Now we restore that database to the local (and ideally fully running) sql server! Go look at the log output during this time. It's kinda fun to see it doing its thing.

docker cp ./addUser.sql ${containerName}:/var/opt/mssql/backups
docker exec -it ${containerName} /opt/mssql-tools/bin/sqlcmd -S localhost -U SA -P ${localSqlSAPassword} -i "/var/opt/mssql/backups/addUser.sql"

These last two lines are more security minded. The application I have doesn't use the SA account to run the server so script setups a db user with datareader and datawriter. Again, your mileage may vary, but for most, this should be sufficient.


Most places I know of are still on-prem with regular sql backups that result in a .bak file. These are totally fine too! The beginning of the script is the same, until the actual restore.

#copy files to container
docker cp ./${backupFileName} ${containerName}:/var/opt/mssql/backups
docker cp ./restore.sql ${containerName}:/var/opt/mssql/backups
docker cp ./addUser.sql ${containerName}:/var/opt/mssql/backups

docker exec -it ${containerName} /opt/mssql-tools/bin/sqlcmd -S localhost -U SA -P ${localSqlSAPassword} -i "/var/opt/mssql/backups/restore.sql"
docker exec -it ${containerName} /opt/mssql-tools/bin/sqlcmd -S localhost -U SA -P ${localSqlSAPassword} -i "/var/opt/mssql/backups/addUser.sql"
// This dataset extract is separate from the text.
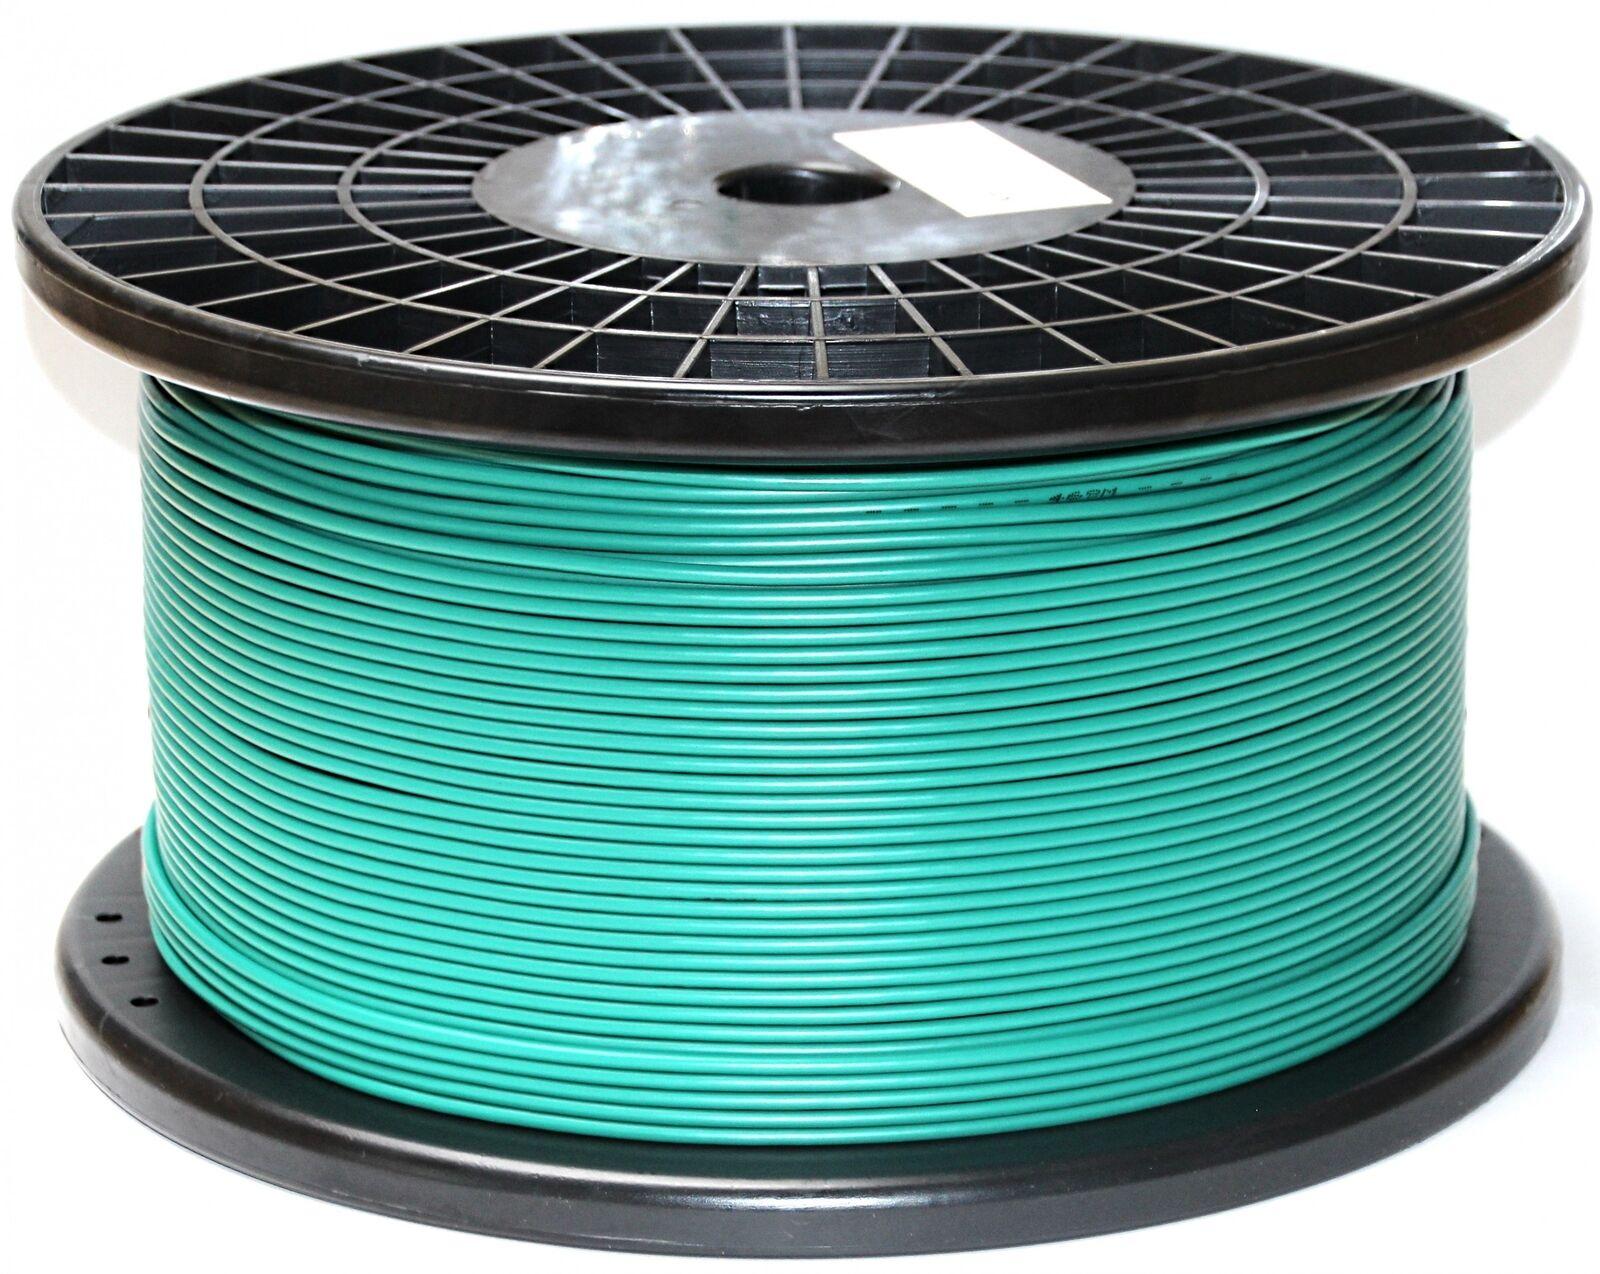 Câble de fil de borne 800m Viking iMow mi 632 c p PC limite Wire Ø2,7mm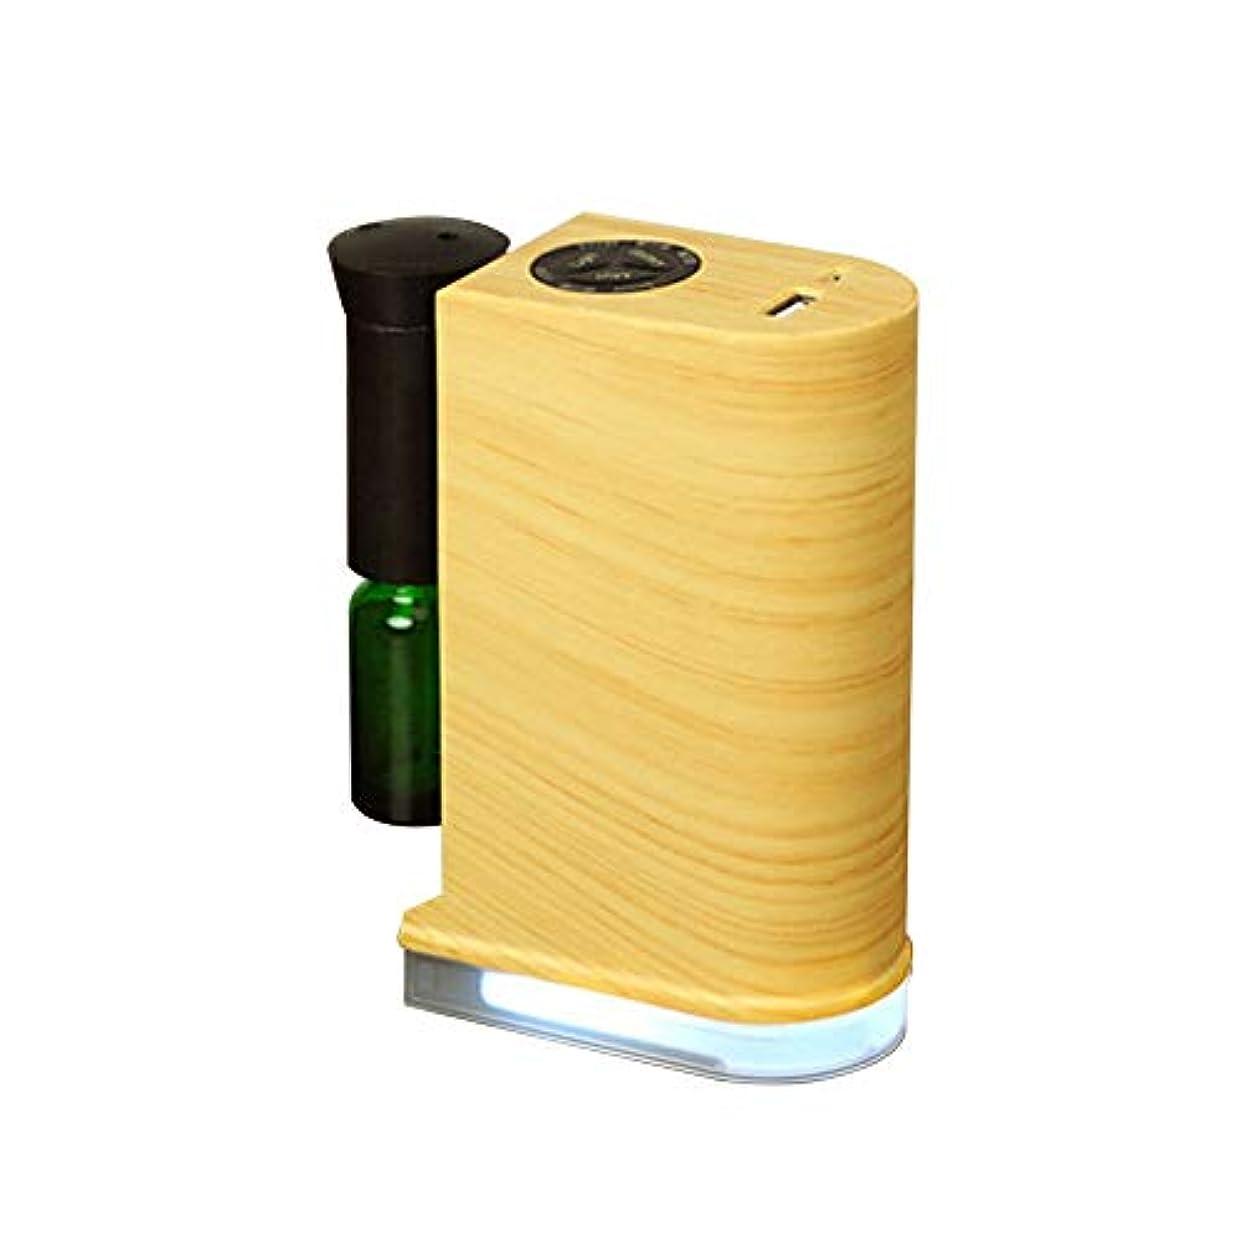 反逆垂直肘アロマディフューザー 木目調 ネブライザー式 USBポート付き 癒しの空間 卓上 アロマライト アロマオイル スマホ充電可能 オフィス リビング ナチュラル

In this case, I copy over the necessary files into the container and execute them from the inside. It's worth noting and considering if I should leave those files behind or not -- I can hear the security team saying DO IT!!! Again, your mileage may vary (but yes, you should clean up those files)

And that's it!

I really like the idea of being able to go from nothing to full, operational database in a few minutes. It was something that was awesome years ago ...except now, it's WAY faster!